Thanks again for your response Skull one. I think I found the answer to this question in here
How Gmail Improved Security & Email Analytics by Caching Images | The Cloud Nine Agency
Basically because in 2013 Google made a change in how Gmail handles images, now all images display in messages automatically across desktop, iOS and Android. Instead of serving images directly from their original external host servers, Gmail now serve all images through Google’s own secure proxy servers. According to google, it was done for security purposes: images are checked for known viruses or malware. Also, people don't have to click “display images below” link again which makes things easier. As a consequence the user-agent is now a fake one: "all emails opened in Gmail webmail, or mobile apps will appear to be opened in Firefox in Mountain View, CA. The Firefox user agent data is fake information and is meant to give Gmail users more privacy.
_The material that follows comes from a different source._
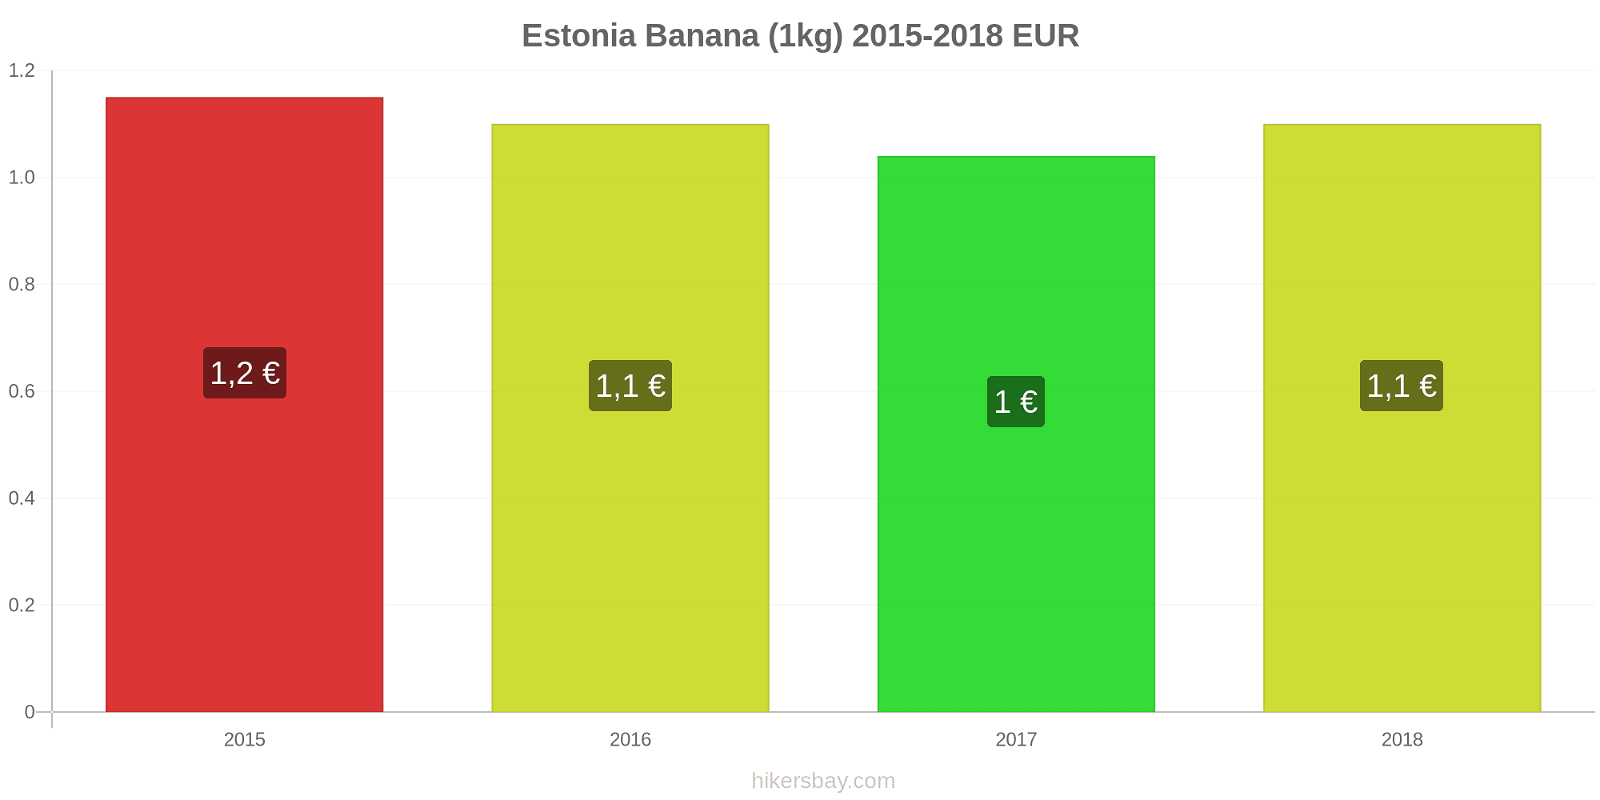 Estonia cambi di prezzo Banane (1kg) hikersbay.com

All IP geolocation information will now show Mountain View, CA since this is where Google’s image servers are located." I actually tested myself and it is true when you use the Gmail app on the iPhone to open an email, the user-agent return is Mozilla/5.0 (Windows NT 5.1; rv:11.0) Gecko Firefox/11.0 (via gght.com GoogleImageProxy), just as it would look from another platform.
Thanks so much again for your help.
 
Interesting. That actually backs up exactly what I said. The iOS Mail app didn't use the full gmail system and hence you could see its use, but all other access points that do honor mail.google.com are going to be viewed as the same browser. Now my new question is, what versions of Mail under iOS does this theory apply to? Because a few years ago, Apple and Google had a falling out which left the Mail app not able to get real time push notifications of new mail. Which means there might be different access methods today in iOS 10 vs 9 vs 8 vs even 7.